Investors monitors these standards strongly as European banks move to a cash dilution environment, especially in Switzerland, which were fighting a strong franc and pent -up of interest rates of up to 0.25 %.

UBS confirmed on Wednesday that it had completed $ 500 million of shares re -purchases and aims to move forward with a re -purchase plan worth $ 2.5 billion for the rest of 2025.

The identification view

This month was evacuated as the largest bank in continental Europe by market value by Santander BankUBS has suffered from declines in a share of about 10 % a year until now, with the loss of losses that were recorded after the White House imposed on customs duties on international commercial partners on April 2.

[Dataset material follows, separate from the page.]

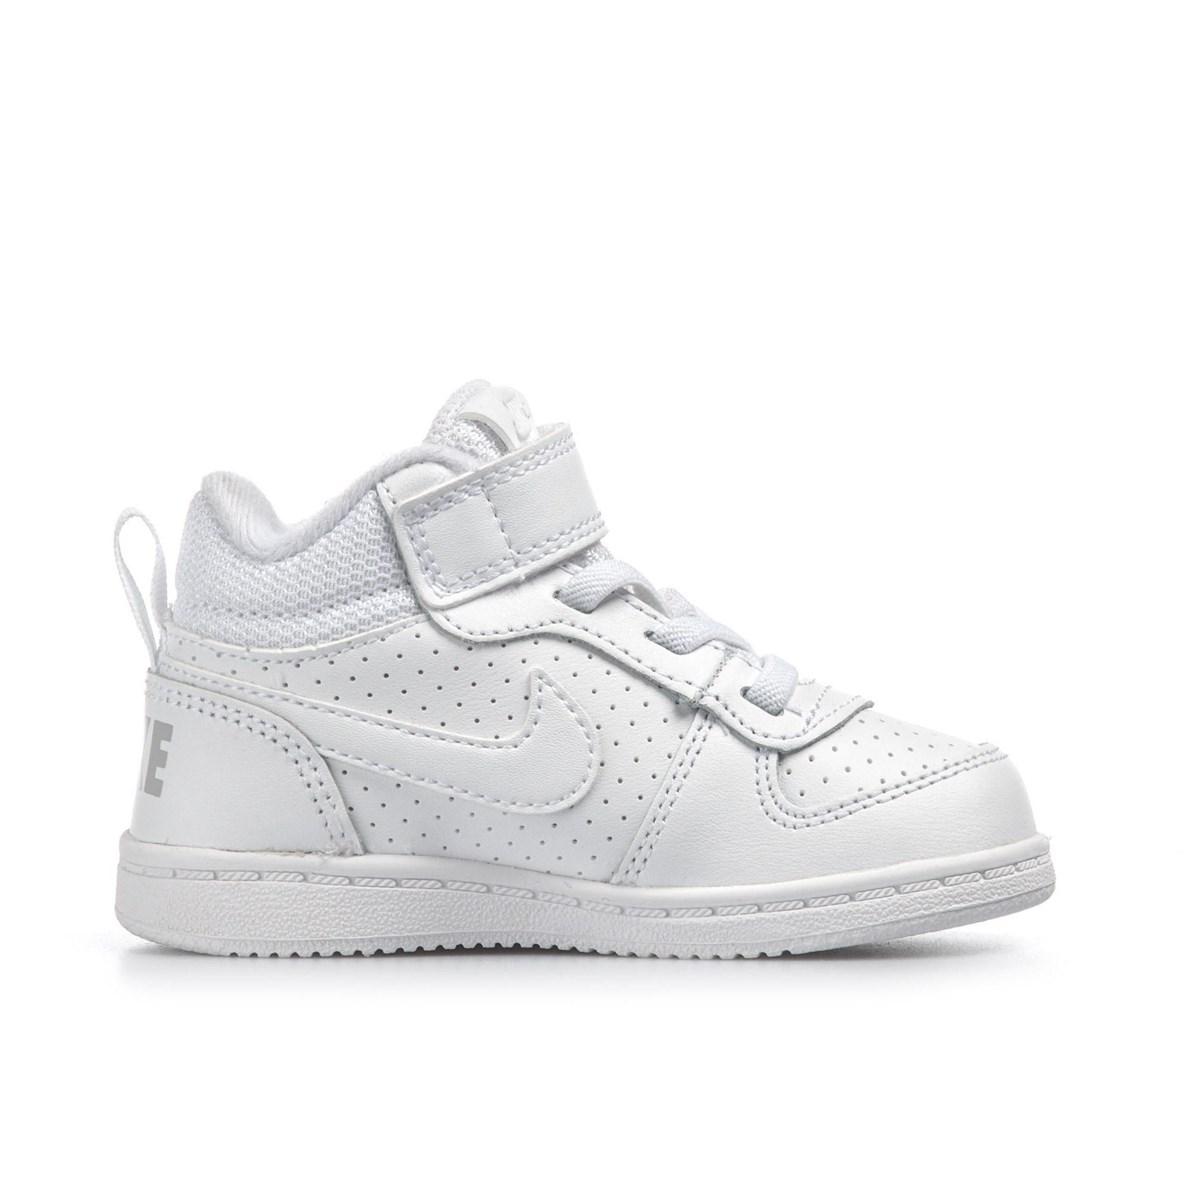 Court Borough Mid Çocuk Beyaz Spor Ayakkabı (870027-100)
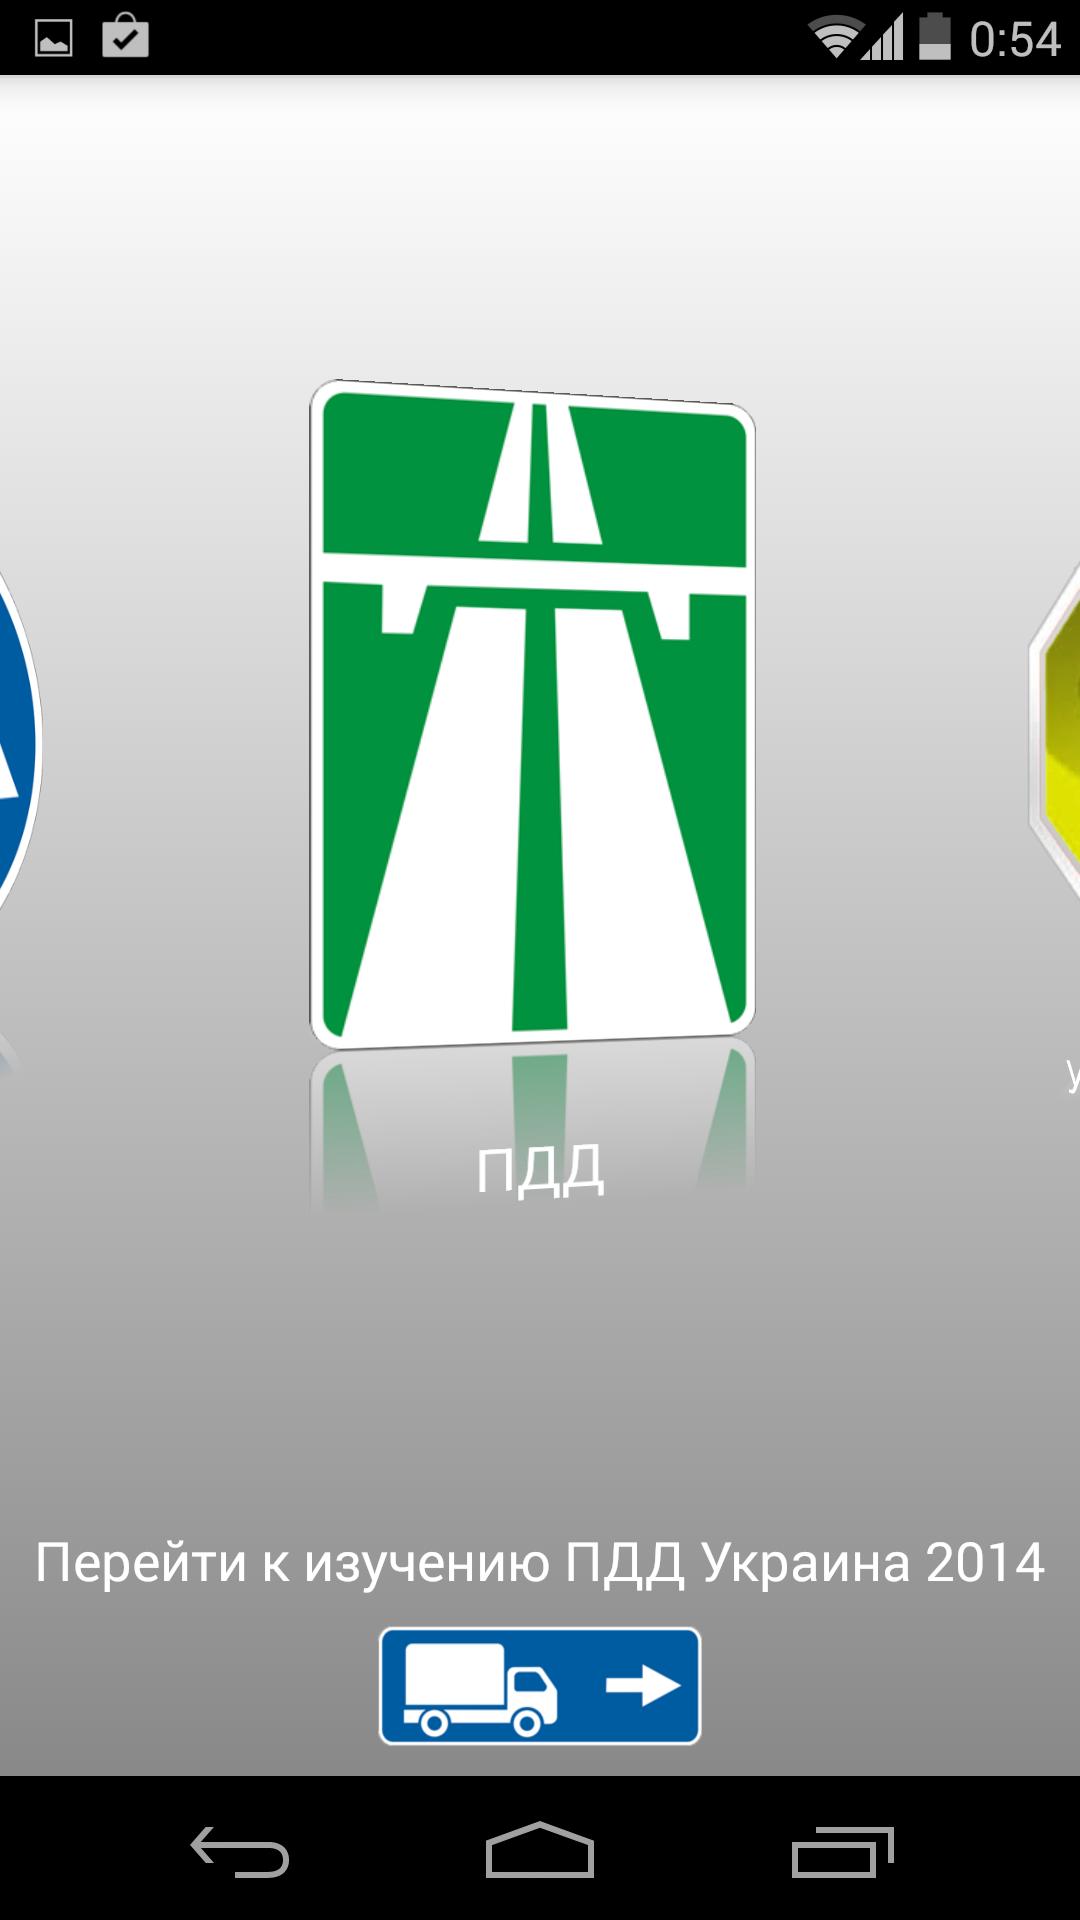 правила дорожного движения украины скачать бесплатно

Switzerland faces a 31 % duty if it fails to agree on a more reconciliation trade deal by the end of Washington’s postponement for 90 days in early July. Relatively, the European Union was hit by 20 % in the United States.

Tensions with Washington and the potential expectations of the world’s largest economy, causing the problem of the Swiss banking giant and the global wealth management department that lasts money, with about half of the UBS assets invested in the wider American region last year.

“The rapid and important changes in the commercial tariffs, the increased risk of escalation and a significant increase in total economic uncertainty led to the main market fluctuations in the first weeks of April,” he said on Wednesday. “With a wide range of potential results, the economic path is not particularly predictable. The possibility of a higher tariff in world trade is a financial threat to global growth and inflation, which leads to overcoming interest rate expectations.”

I indicated the possibility of “more nails in volatility” as markets remain sensitive to developments led by the new customs tariff, noting that “long uncertainty will affect feelings and make companies and investors delay important decisions on the strategy and allocate capital and investments.”

A long-term UBS profit image remains dark from questions about possible new capital requirements-and the most Drakonia of the Swiss authorities, which questioned Credit suisse is the collapsed local competitor. The deal – which one of the politicians at that time called the “Deal of the Century” – pushed UBS to the maximum resistance against more restrictions, and which argues that it will undermine its competitiveness as an entity that has already sufficient capital.

Swiss President Karen Keeler Street told SRF last month.

“The Federal Council has one goal: that in the event of a crisis, the important crisis can be resolved systematically. This means that the important parts of the bank can be separated from the bank in Switzerland. This must be the goal of the Federal Council and the new legislation.”